Kuwait is small: 17,818 square kilometers, roughly the size of New Jersey. Its population is around 4.3 million, more than two-thirds of whom are expatriate workers. It sits at the northwestern tip of the Persian Gulf, bordered by Iraq to the north and Saudi Arabia to the south.

What it lacks in size it makes up in oil. Kuwait holds roughly 6% of the world’s proven petroleum reserves. The Kuwait Oil Company began commercial exports in 1946, and within a generation the country transformed from a pearl-diving and trading economy into one of the wealthiest states per capita on Earth.

All of this operates on Arabia Standard Time: UTC+3, year-round.

The logic of no DST in the Gulf

Kuwait has never observed daylight saving time in the modern era, and neither have its closest neighbors: Saudi Arabia, Qatar, Bahrain, and Iraq. The reasons overlap with those of other Gulf states: the religious significance of prayer times tied to solar positions, summer temperatures that make outdoor activity impractical regardless of what the clock says, and a desire for commercial consistency with regional partners.

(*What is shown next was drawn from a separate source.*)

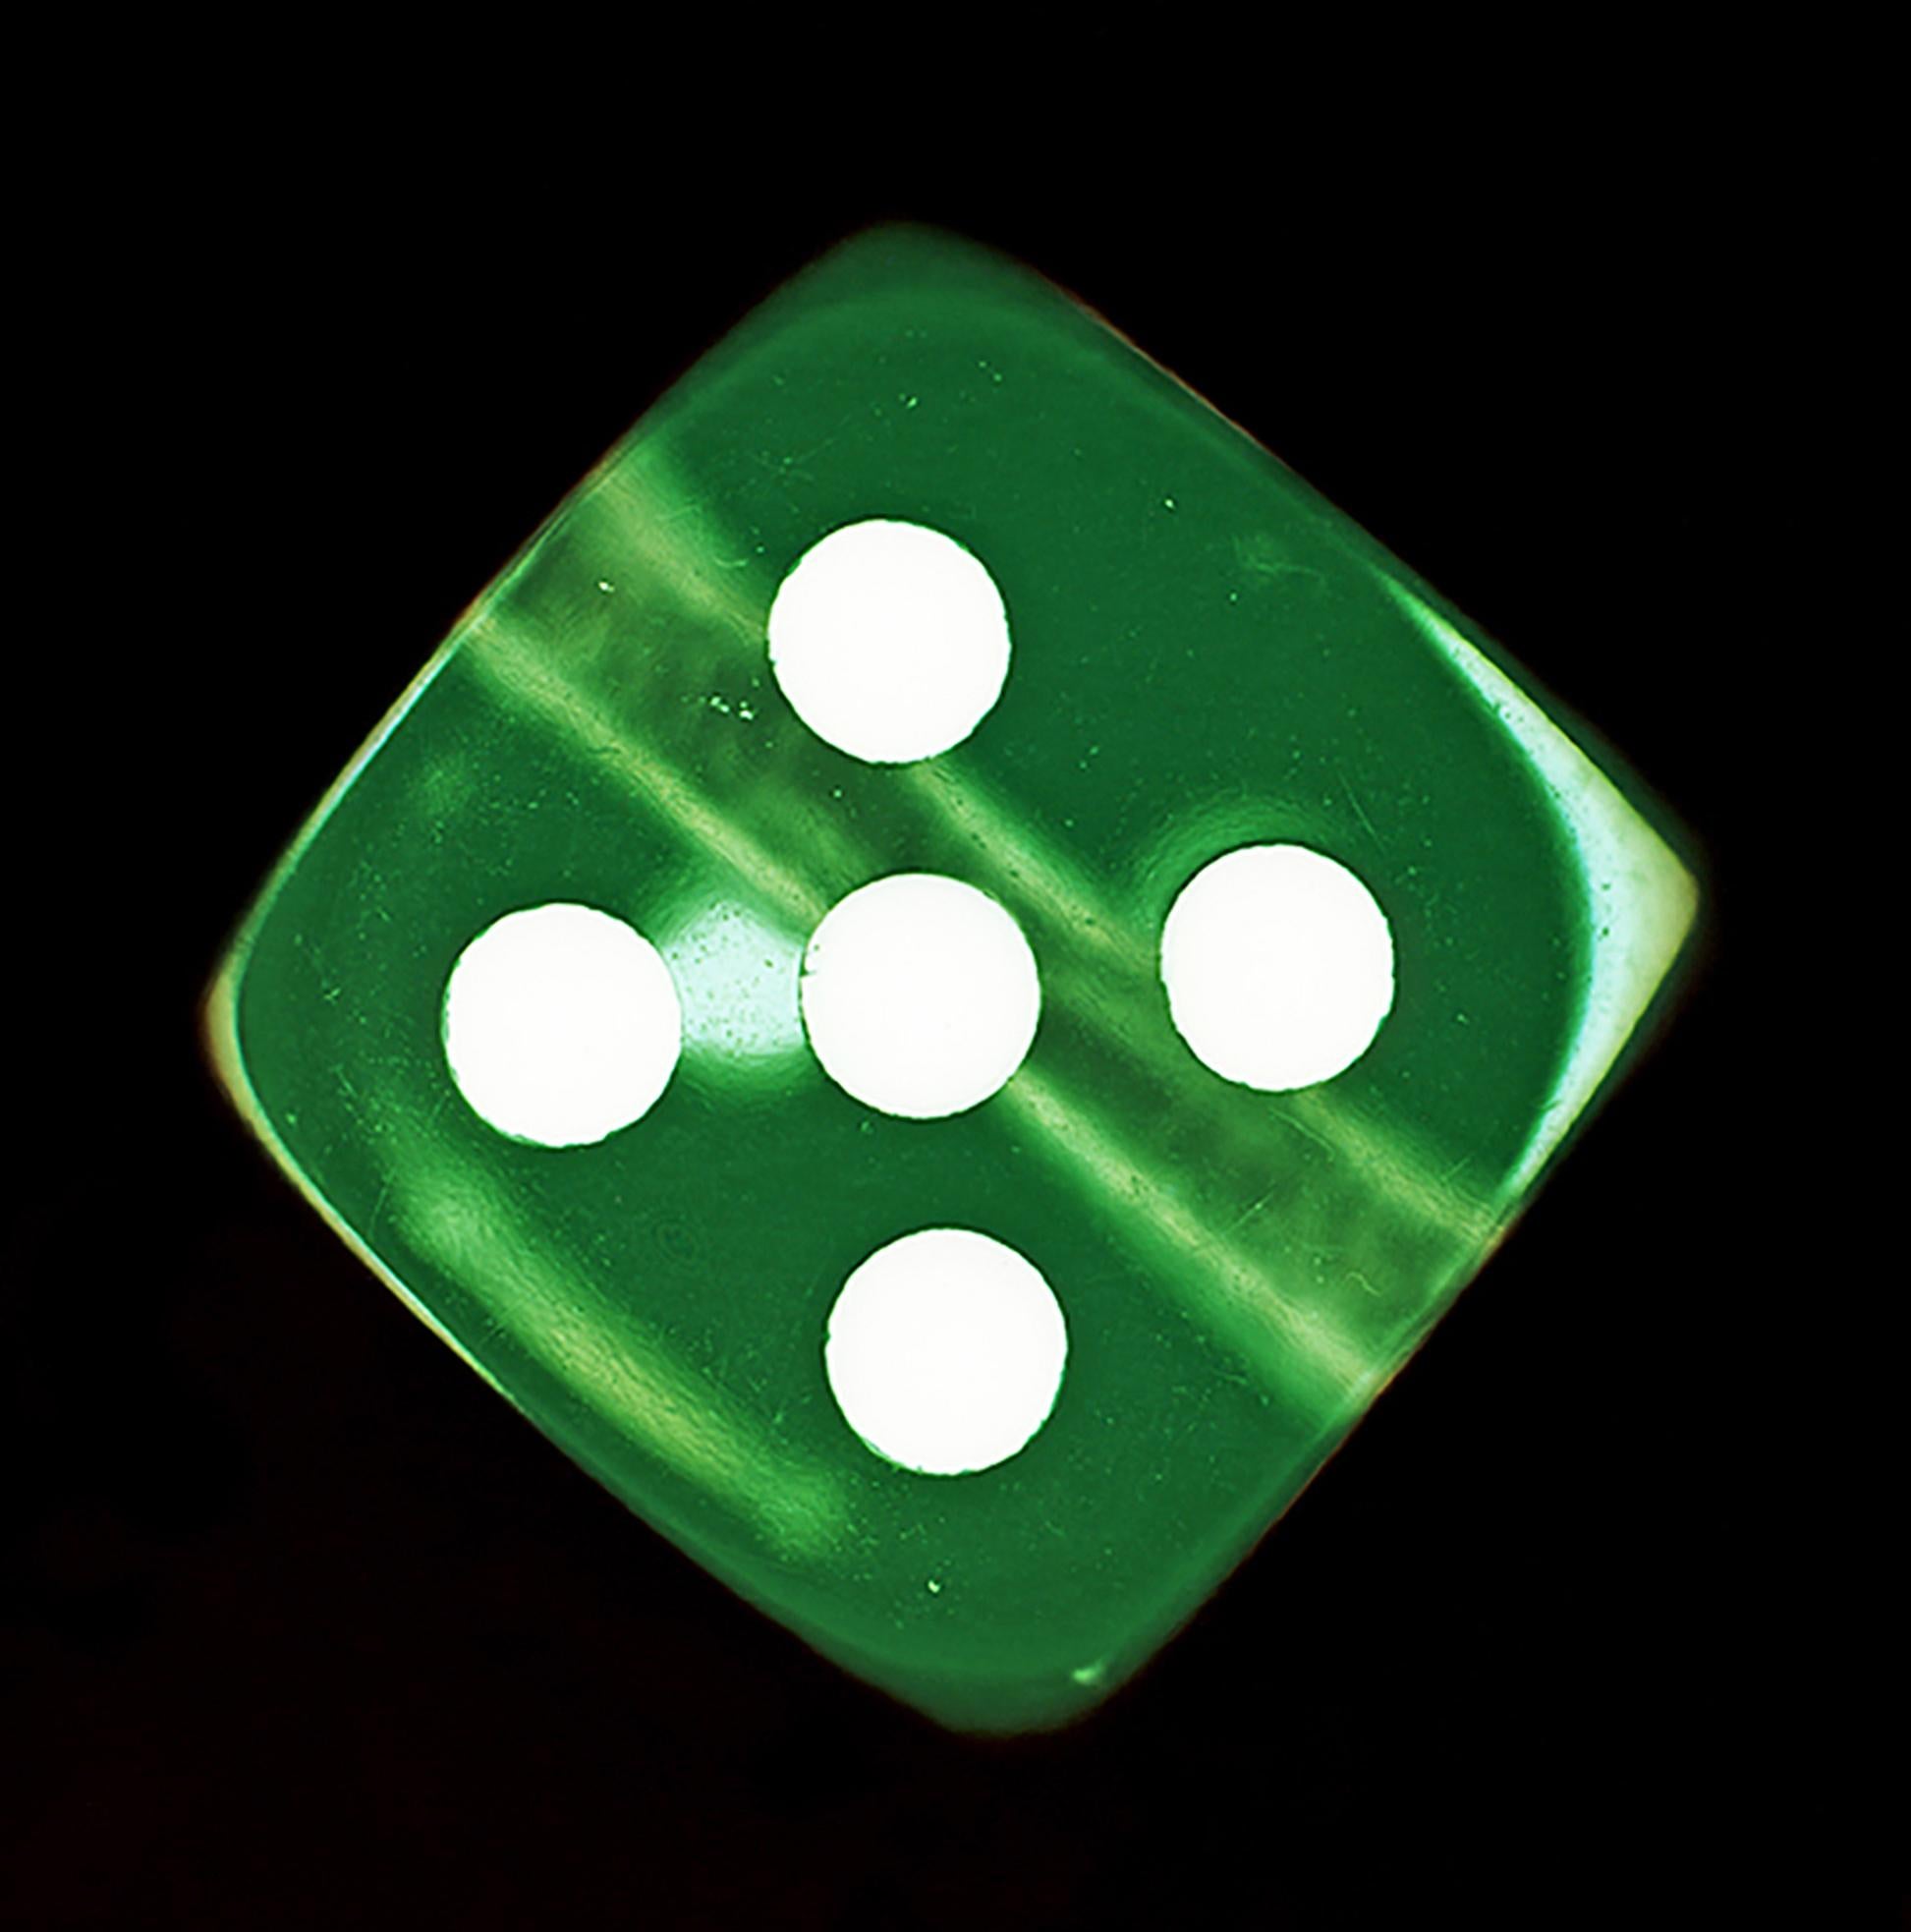 Heidler & Heeps Dice Series - Five Dice Green.

Hypnotically curious in both content and technique, viewers find themselves pleasantly puzzled. Heidler & Heeps have developed their own dichromatic technique resulting in something, which is neither a

Kuwait’s summer temperatures routinely exceed 45 degrees Celsius (113 Fahrenheit). The idea that extending evening daylight hours would encourage outdoor activity, one traditional justification for DST, is simply implausible. People move indoors and the heavy energy loads of air conditioning dominate the summer electrical grid. Changing the clocks would shift the load profile slightly but wouldn’t reduce demand.

NYMEX, ICE, and UTC+3

Crude oil is traded on commodity markets that operate in New York and London times. The New York Mercantile Exchange (NYMEX) sets benchmarks for WTI crude; the Intercontinental Exchange (ICE) in London sets Brent crude prices.

Kuwait’s state oil company, Kuwait Petroleum Corporation (KPC), must monitor these markets while sitting in UTC+3. NYMEX opens at 9am New York time, which is 4pm or 5pm Kuwait time depending on the US seasonal clock. ICE London opens at what is roughly noon in Kuwait. Oil prices that determine the Kuwait government’s annual budget revenues are set while Kuwait is in its afternoon and early evening.

This creates a daily rhythm of late-afternoon urgency in the Kuwait Petroleum Corporation offices: markets moving in London and New York during hours that, in Kuwait, are social and domestic.

The library in the desert

Kuwait City contains one of the more architecturally striking buildings in the Gulf: the Kuwait National Library, opened in 2021, designed by the Danish firm Schmidt Hammer Lassen. The design references traditional mashrabiya screens, the latticed wooden windows common in Islamic architecture that filter light without blocking air.

The building is a fitting symbol: Kuwait has spent decades of oil revenues building cultural infrastructure, universities, and public institutions that outlast the wells. The National Council for Culture, Arts and Letters has been active since the 1970s. Kuwaiti literature, cinema, and theater exist in a regional context where cultural production and the clock of global media must be navigated simultaneously.

The invasion that stopped the clocks

On August 2, 1990, Iraq invaded Kuwait. Saddam Hussein annexed the country as Iraq’s 19th province. During the seven-month occupation, Iraq imposed Baghdad time (then at UTC+3, same as Kuwait, so no practical difference) and Iraqi administrative systems.

The liberation of Kuwait by coalition forces in February 1991 came with what Kuwaitis experienced as a return of sovereignty not just political but temporal: their country’s institutions, their newspapers, their currency, their clocks were their own again.

The invasion remains central to Kuwaiti national identity. Liberation Day on February 26 is a national holiday. The country that runs on UTC+3 without drama today was, for seven months, a country whose time was not its own.